Improved lung cancer screening with cognitive computing
Principal Investigator
Name
Shawn Stapleton
Degrees
PhD
Institution
Philips Research North America
Position Title
Senior Data Scientist
Email
About this CDAS Project
Study
NLST
(Learn more about this study)
Project ID
NLST-241
Initial CDAS Request Approval
Sep 16, 2016
Title
Improved lung cancer screening with cognitive computing
Summary
Every year, 200,000 people are diagnosed with lung cancer resulting in 160,000 deaths per year (450 people per day) in the US alone. Early detection can increase the five-year survival rate for stage 1 lung cancer to nearly 90%. Screening patients with low-dose computed tomography (LDCT) has been proven to find lung cancer at its earliest stages ad reduce mortality. As a result, the number of lung cancer screenings by LDCT is expected to increase rapidly.

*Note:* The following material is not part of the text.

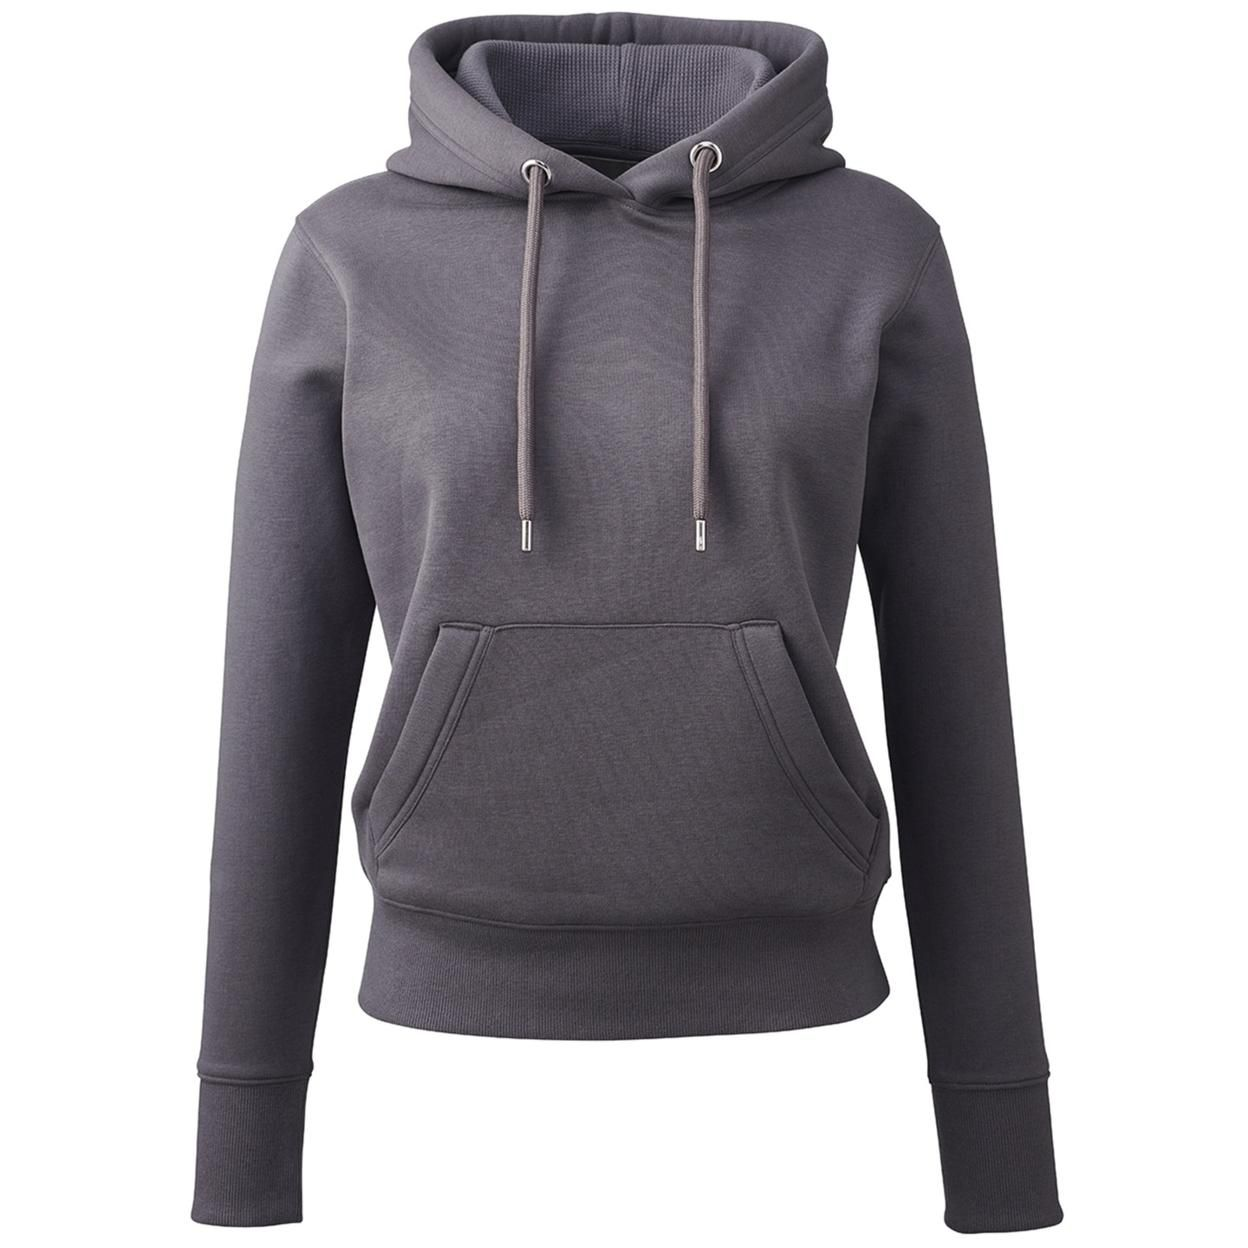 Anthem Womens/Ladies Organic Hoodie Size XS

To address this new paradigm, we plan to leverage rich, high level features with deep learning and context with joint modeling such that clinicians and hospitals can provide optimal lung cancer screening both in terms of patient outcomes and clinical workflow. To achieve this goal we plan to leverage algorithms built from the largescale, multi-site observational NLST dataset. With this rich information, we test the feasibility of improving the differentiation of an individual patient’s risk, assisting clinicians in directing patients to optimal clinical care, and providing that information in an automated fashion to fits seamlessly in clinical workflow.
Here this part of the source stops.